» Work to complete:
From the listing below, retype exactly the line holding "Madrid Spain,Hispanic Centro,Hispanic", the line holding "Women's Rare 1995", and the lines between them; skip everything else.

» Material for this task:
######

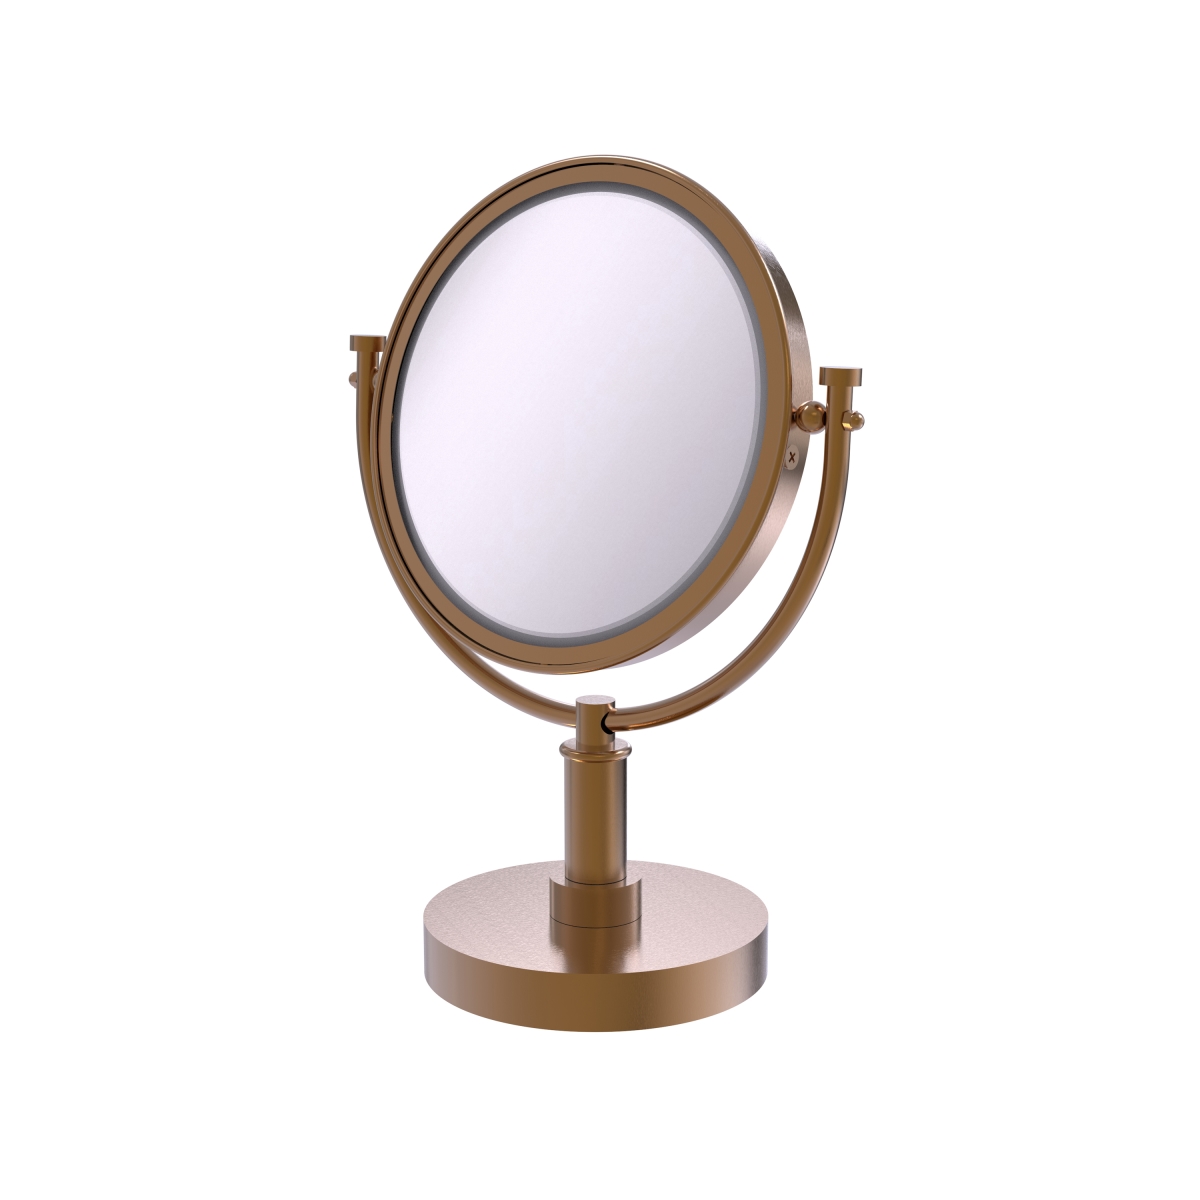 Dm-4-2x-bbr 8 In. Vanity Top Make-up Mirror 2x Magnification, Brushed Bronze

######

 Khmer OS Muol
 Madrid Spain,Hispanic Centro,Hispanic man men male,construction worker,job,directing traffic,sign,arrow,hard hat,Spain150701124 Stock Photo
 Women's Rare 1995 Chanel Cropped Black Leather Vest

######

» Output for this task:
 Madrid Spain,Hispanic Centro,Hispanic man men male,construction worker,job,directing traffic,sign,arrow,hard hat,Spain150701124 Stock Photo
 Women's Rare 1995 Chanel Cropped Black Leather Vest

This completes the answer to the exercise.